Task – Setting aside any pictures, reproduce the data exactly.

Supplied data –
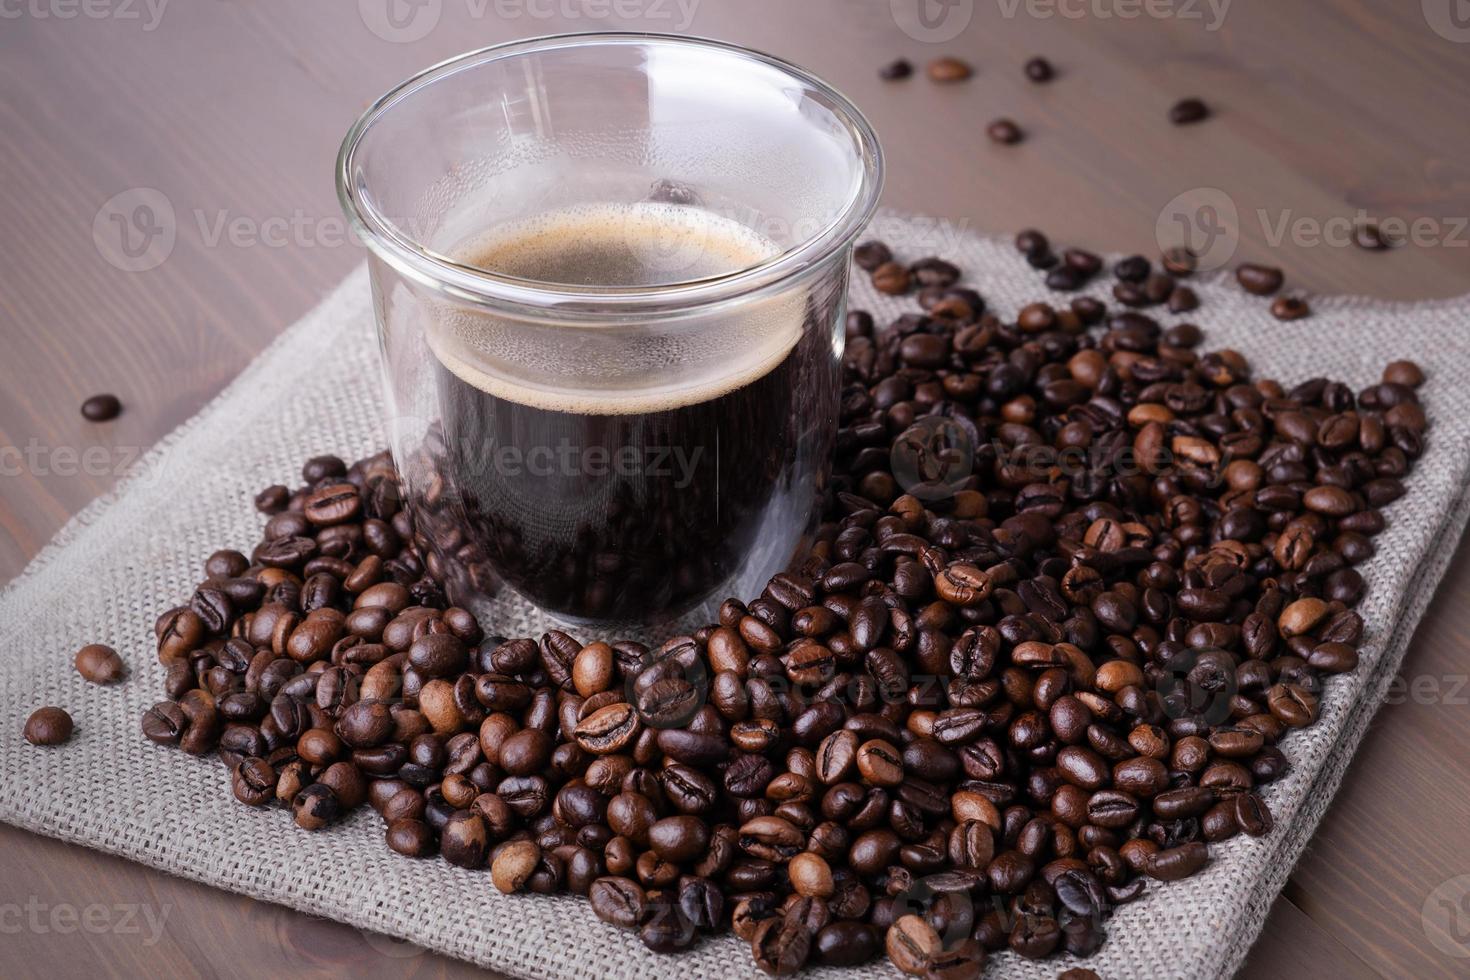 glaskopp med kaffe och hög med rostade kaffebönor foto
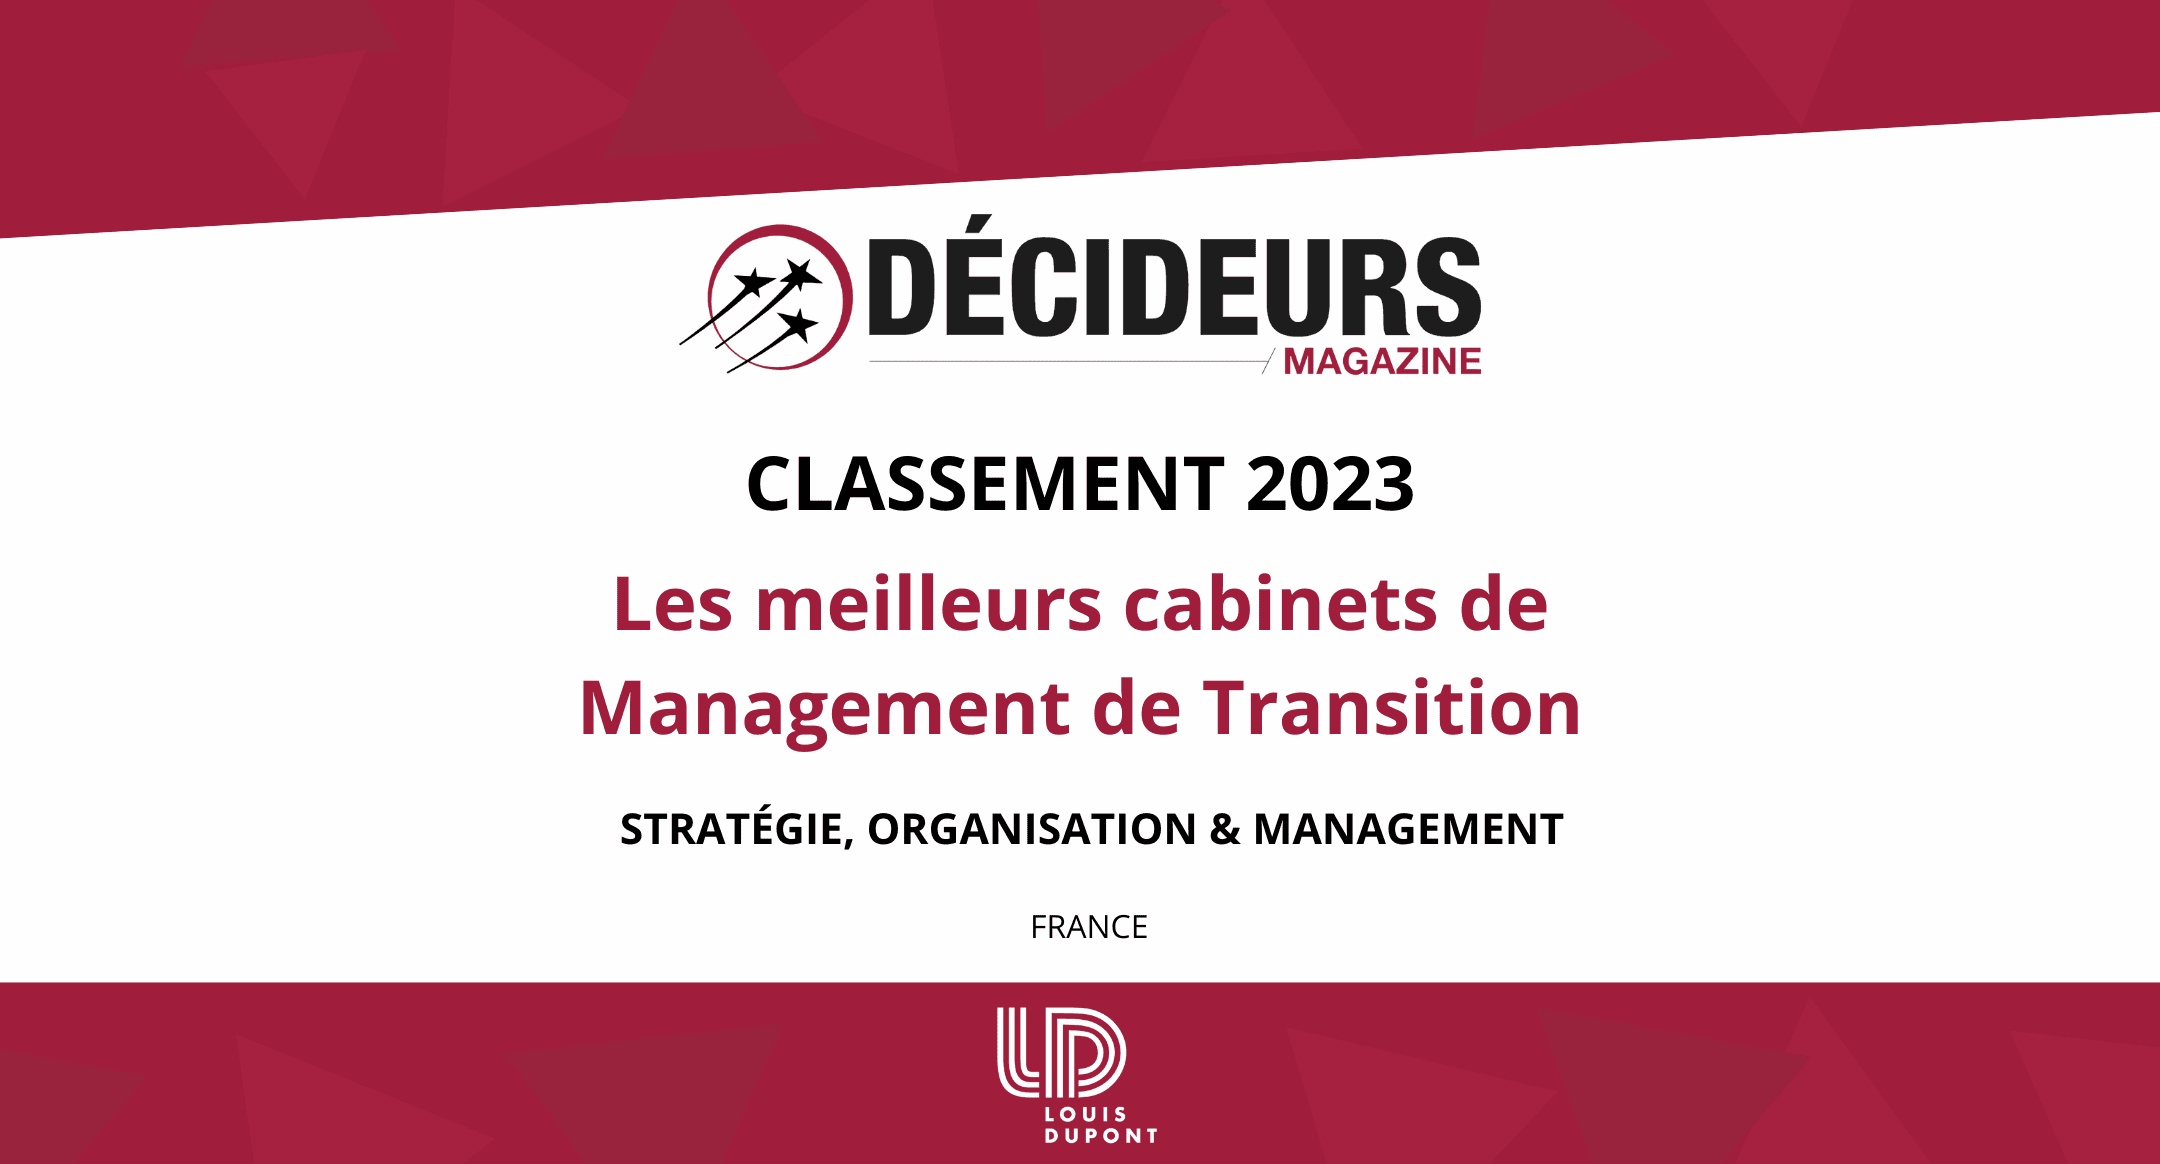  Classement Décideurs 2023/2024 : Les meilleurs cabinets de Management de Transition
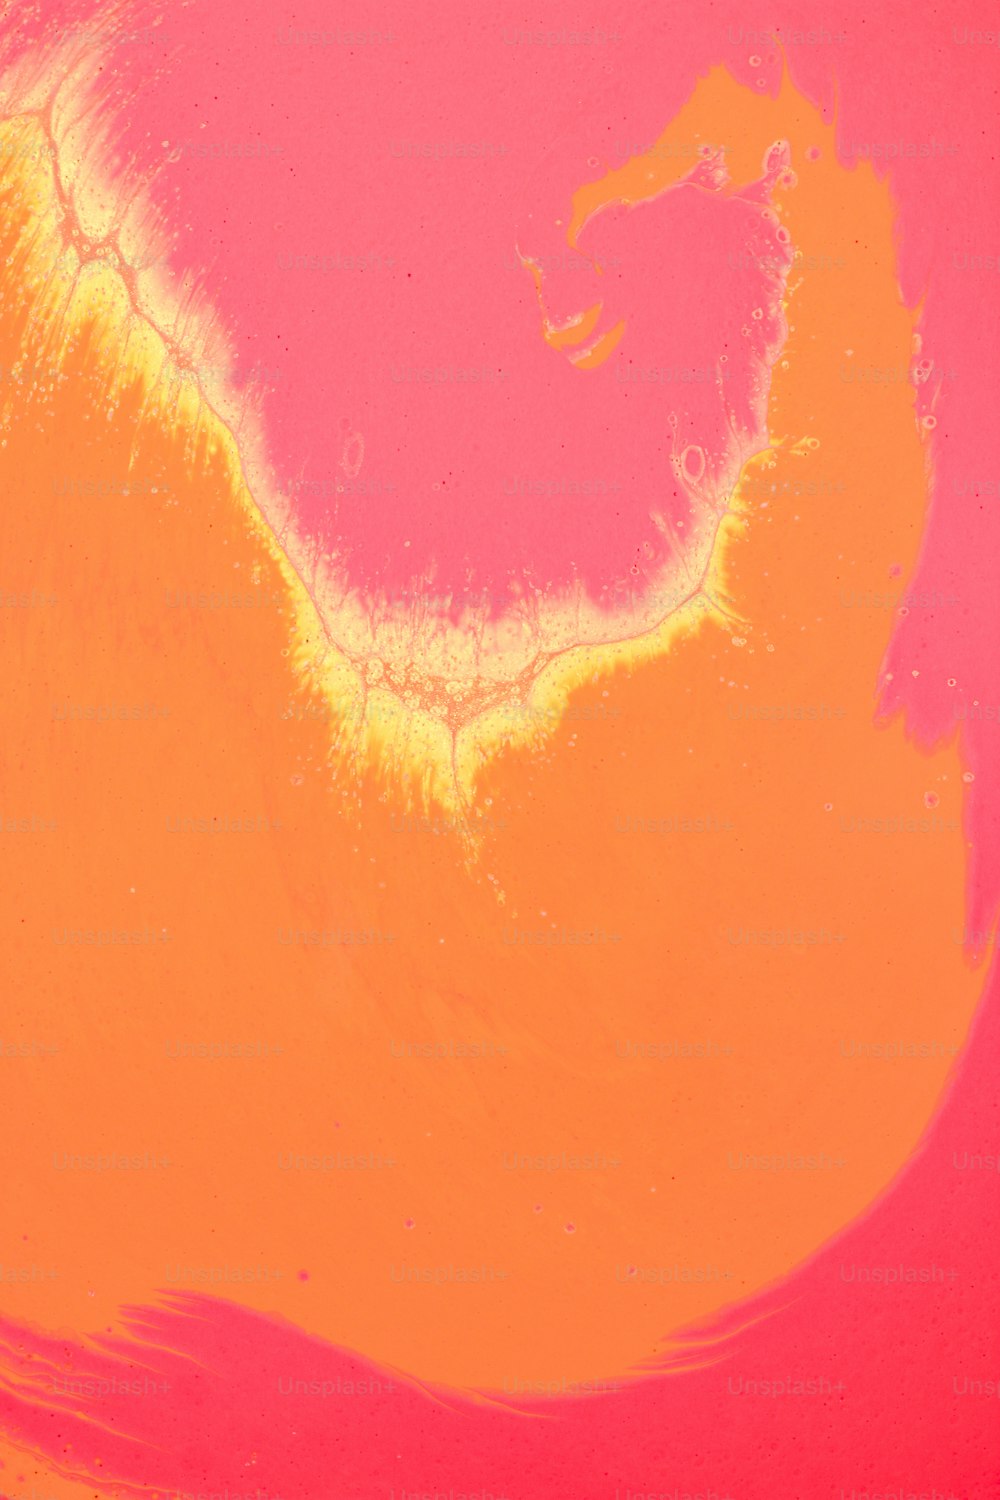 Hình ảnh màu hồng cam, Tải hình ảnh miễn phí trên Unsplash - Với hơn 30,000+ hình ảnh màu hồng cam để lựa chọn, Unsplash sẽ đem đến cho bạn những hình ảnh độc đáo và tuyệt đẹp nhất để làm mới giao diện cho thiết bị của bạn.
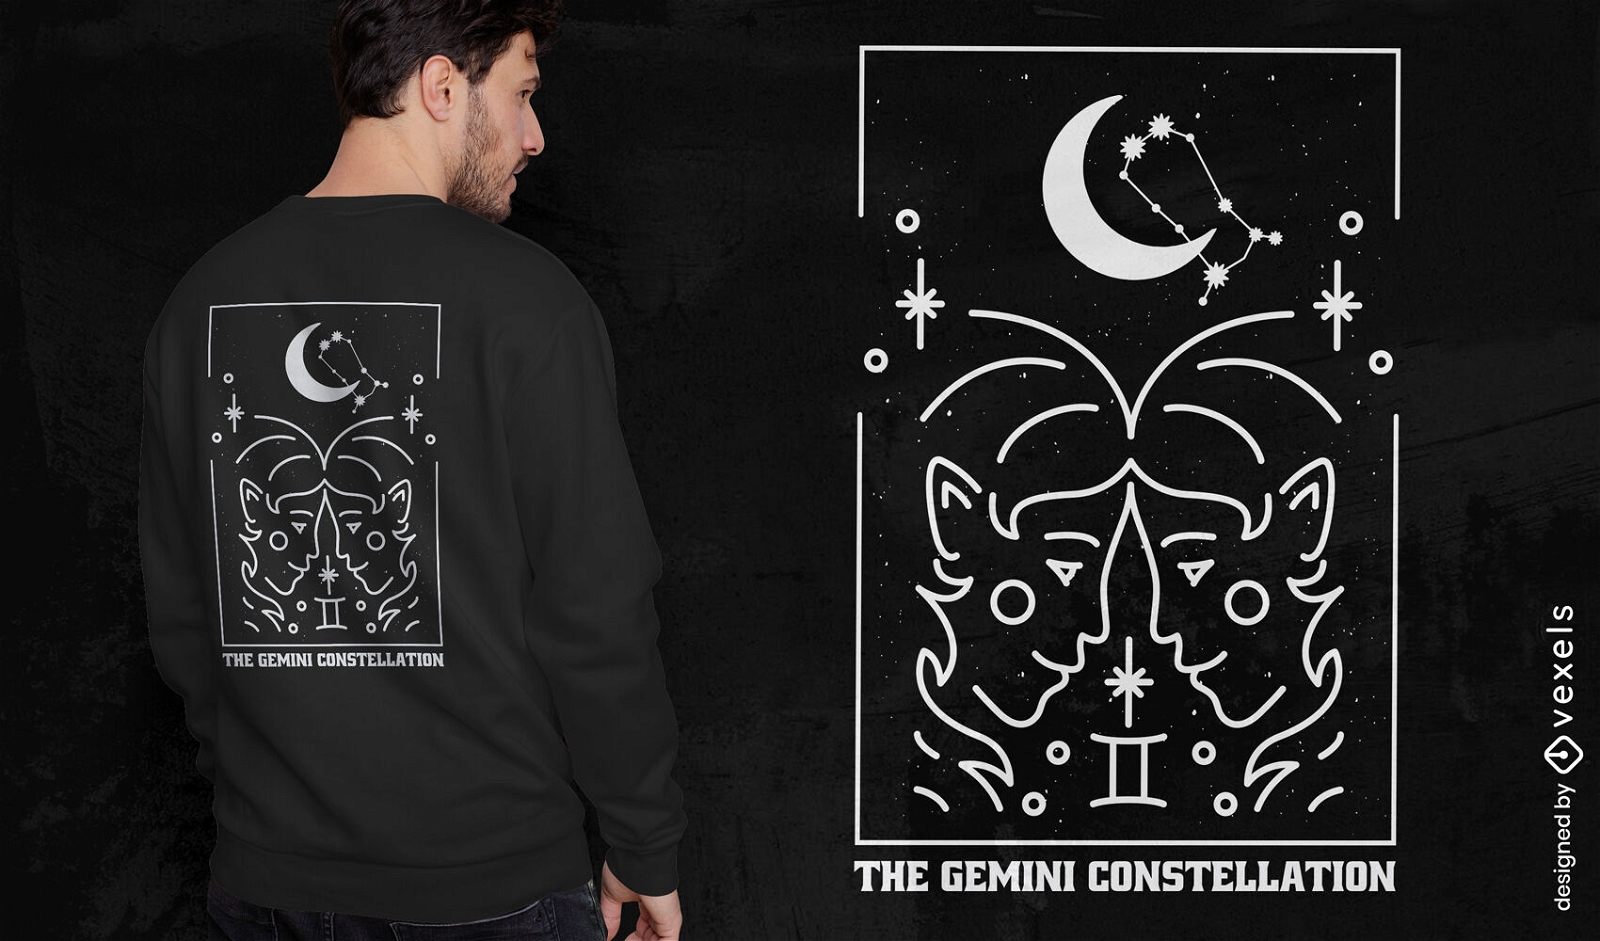 Gemini constellation t-shirt design

Answer box –
 glaskopp med kaffe och hög med rostade kaffebönor foto
  Classement Décideurs 2023/2024 : Les meilleurs cabinets de Management de Transition
 Hình ảnh màu hồng cam, Tải hình ảnh miễn phí trên Unsplash - Với hơn 30,000+ hình ảnh màu hồng cam để lựa chọn, Unsplash sẽ đem đến cho bạn những hình ảnh độc đáo và tuyệt đẹp nhất để làm mới giao diện cho thiết bị của bạn.
 Gemini constellation t-shirt design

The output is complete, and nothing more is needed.